Single-use braucht Standards

Effizienter muss auch noch die Anbindung an Single-use-Systeme werden. Diesen wird zudem eine große Zukunft prognostiziert - wenn auch in vielen Fällen als Mischsysteme, Seite an Seite mit klassischen Edelstahlbehältern. So setzen schon heute viele Hersteller Single-use-Behälter in den Ansätzen für Puffer und Nährstofflösungen ein - besonders in Mehrproduktanlagen. Herausfordernd für die Messtechnik sind derzeit unter anderem noch die Schnittstellen. „In der Regel handelt es sich hierbei um kundenspezifische Lösungen“, erklärt Klaus-Peter Mang. Auch Thomas Steckenreiter meint: „Das schönste wäre, wenn wir eine standardisierte Schnittstelle an die Bags hätten. Die Hersteller würden sich einen riesigen Gefallen tun.“ Denn wenn Lösungen leichter anzubieten sind, wird auch das Marktpotenzial größer. Auch die Gefahr von Verkeimung könnte darüber minimiert werden.Und was bringt die Zukunft außerdem? „Die Bereiche Online-Analytik und Datenintegration sollten noch weiter zusammenwachsen“, fordert Dr. Stefan Steigmiller, Leiter PMT-PAT Biotech Projects bei Bayer Technology Services.
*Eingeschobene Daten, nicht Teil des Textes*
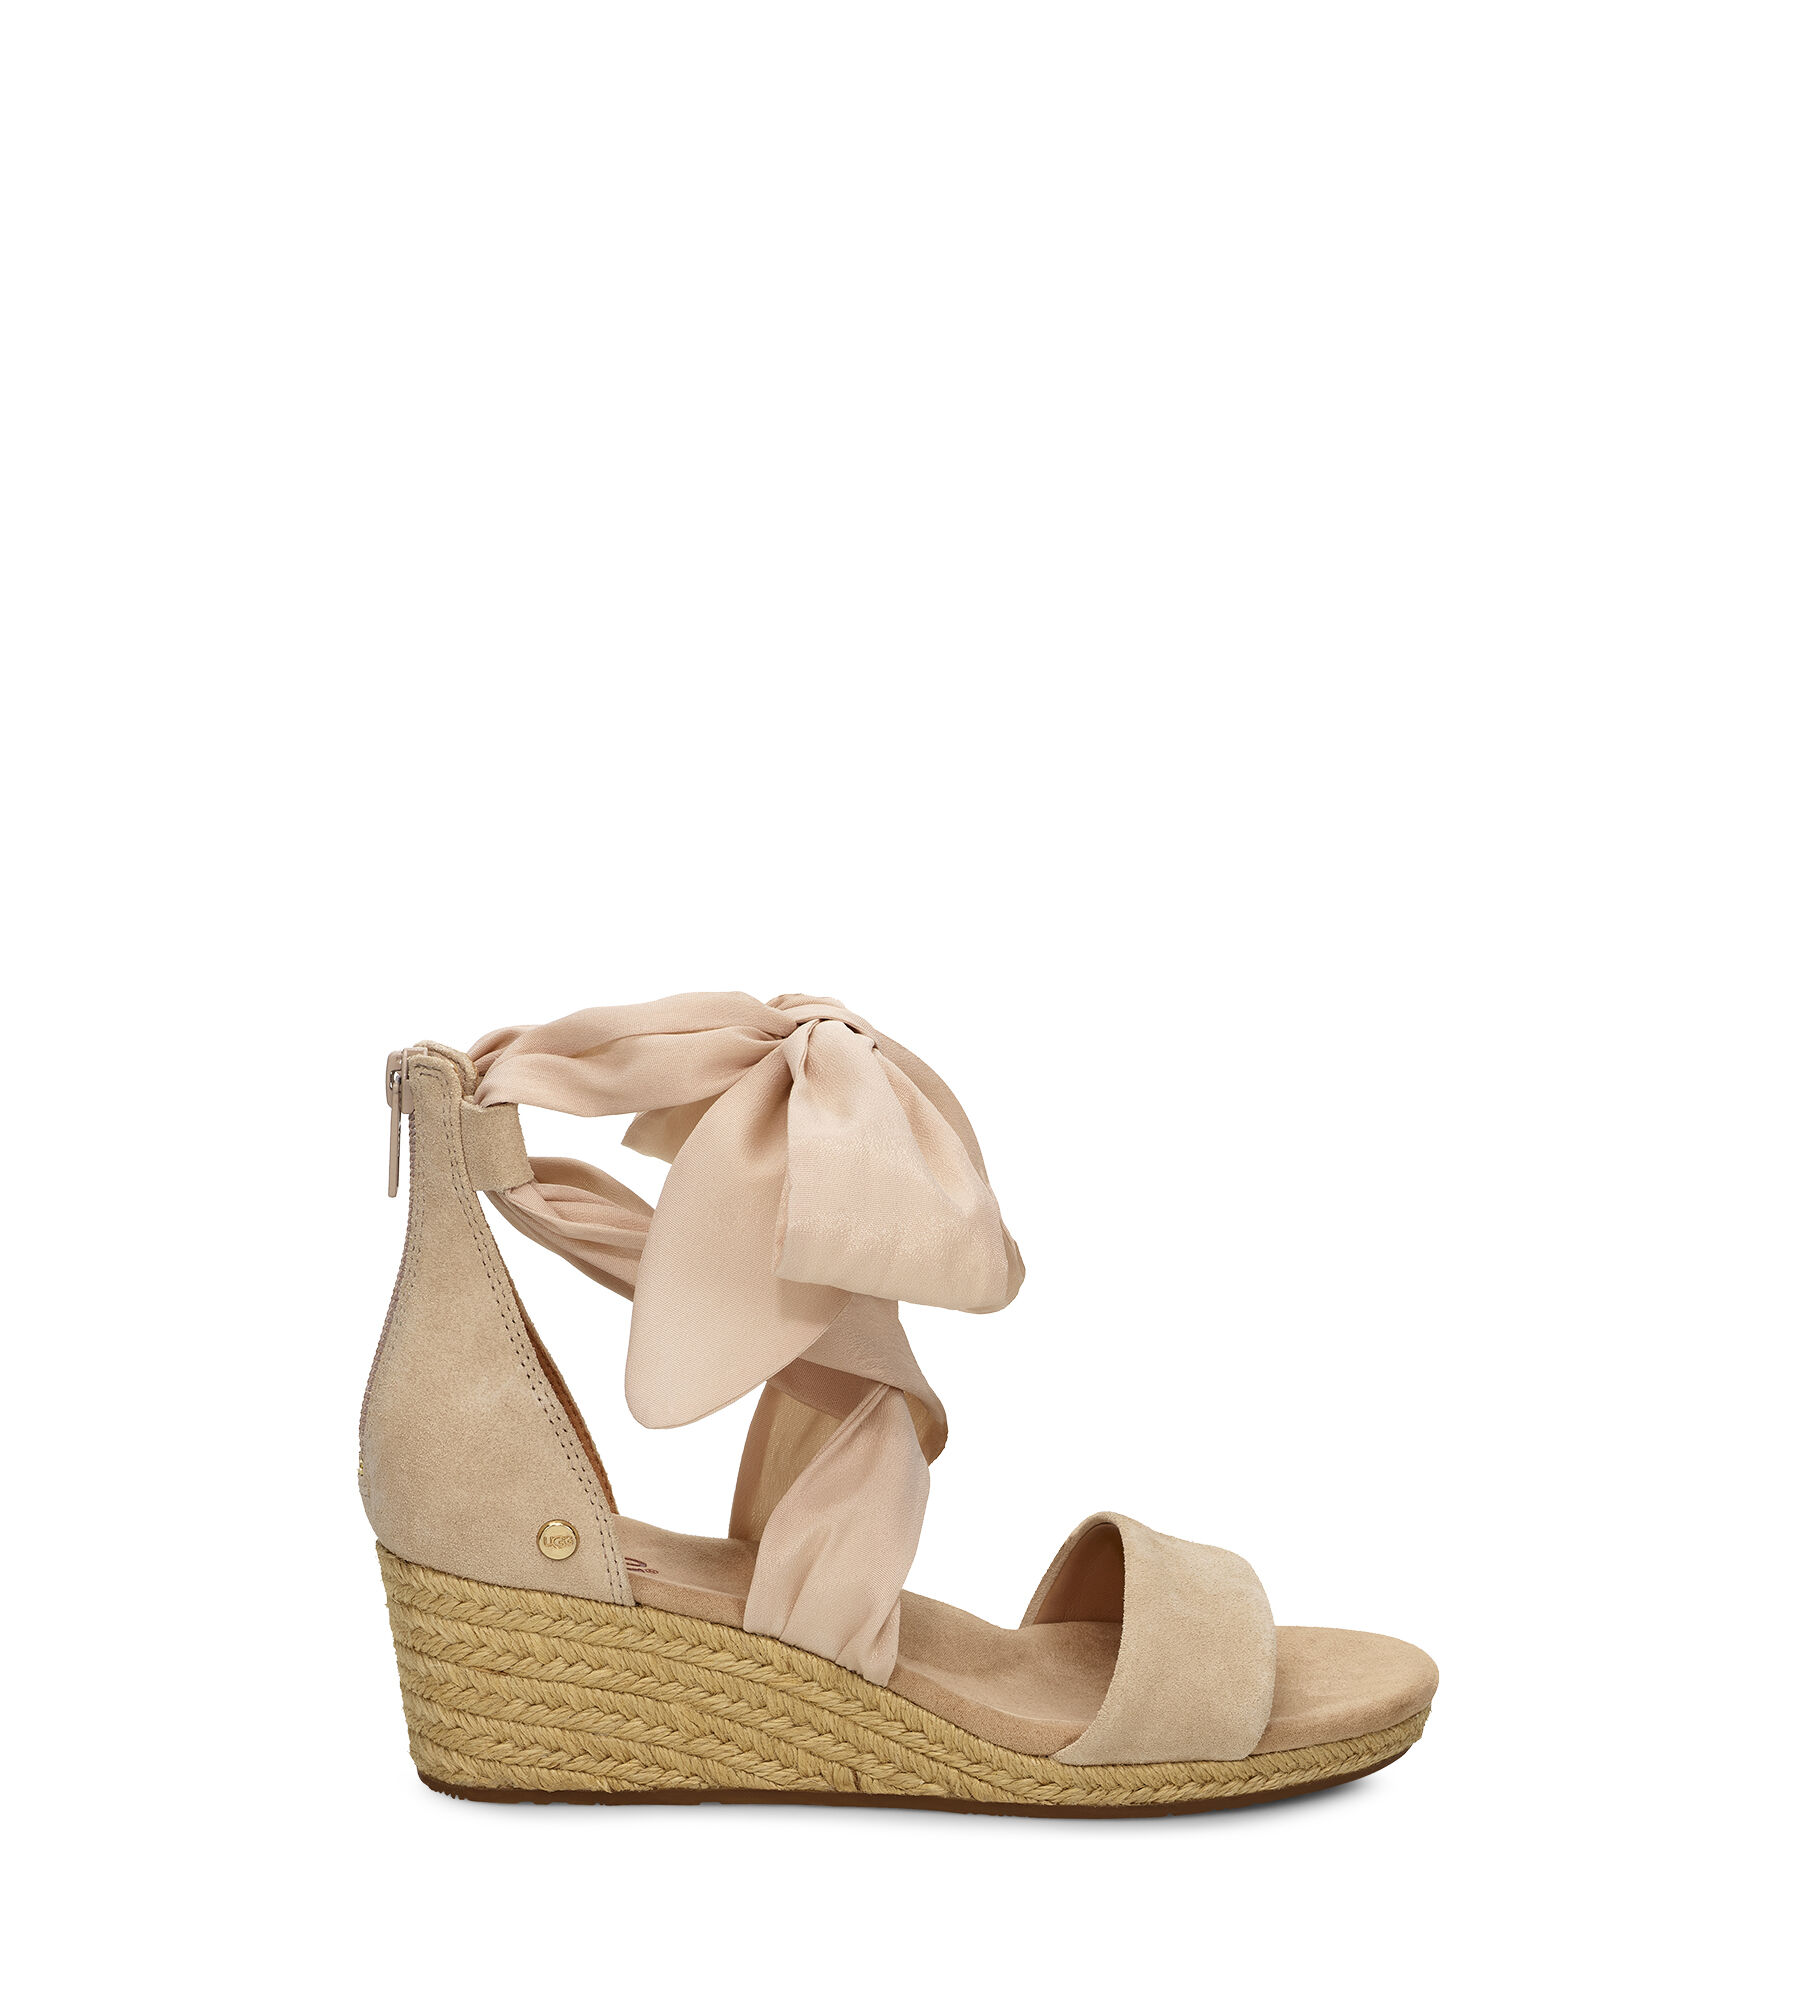 Official SandalsSlidesamp; Official Women's PlatformsUgg® PlatformsUgg® SandalsSlidesamp; PlatformsUgg® SandalsSlidesamp; Women's Women's zSUMVpqG

Zwar freut er sich, dass der Baychromat von BTS bereits Probenahme, -aufbereitung und Messwerterfassung automatisiert hat. „Trotzdem muss immer noch ein Experte entscheiden, ob die Fermentation gut oder schlecht läuft.“ Intelligente, vollautomatisierte Prozessabläufe prognostiziert auch Steckenreiter. Viele Hersteller kennen ihre qualitätskritischen Stellen bei Rohstoff, Fermentation, Aufreinigung, Chromatographie und Konfektionierung noch nicht. „Meistens gibt es ein Leitsystem und es werden Daten gesammelt. Aber die Frage ist: Wird das richtig gemacht? Kenne ich die Qualitätsspannweite meiner Rohstoffe und deren Auswirkung auf das Endprodukt?“ Steckenreiters Vision besteht aus einem selbstlernenden System, das Ausschuss vermeidet, noch bevor er entsteht. „Nehme ich beispielsweise eine biotechnologische Produktion an, bei der 10Prozent Aussschuss entstehen, dann kann die Ausbeute an Produkt eines Monats in die Kläranlage gefahren werden. Dieser Verlust könnte durch intelligente Maßnahmen drastisch reduziert werden.“ In Fällen, in denen an einem Tag Produkt im Wert von 1Million Euro entsteht, wird das Potenzial schnell deutlich.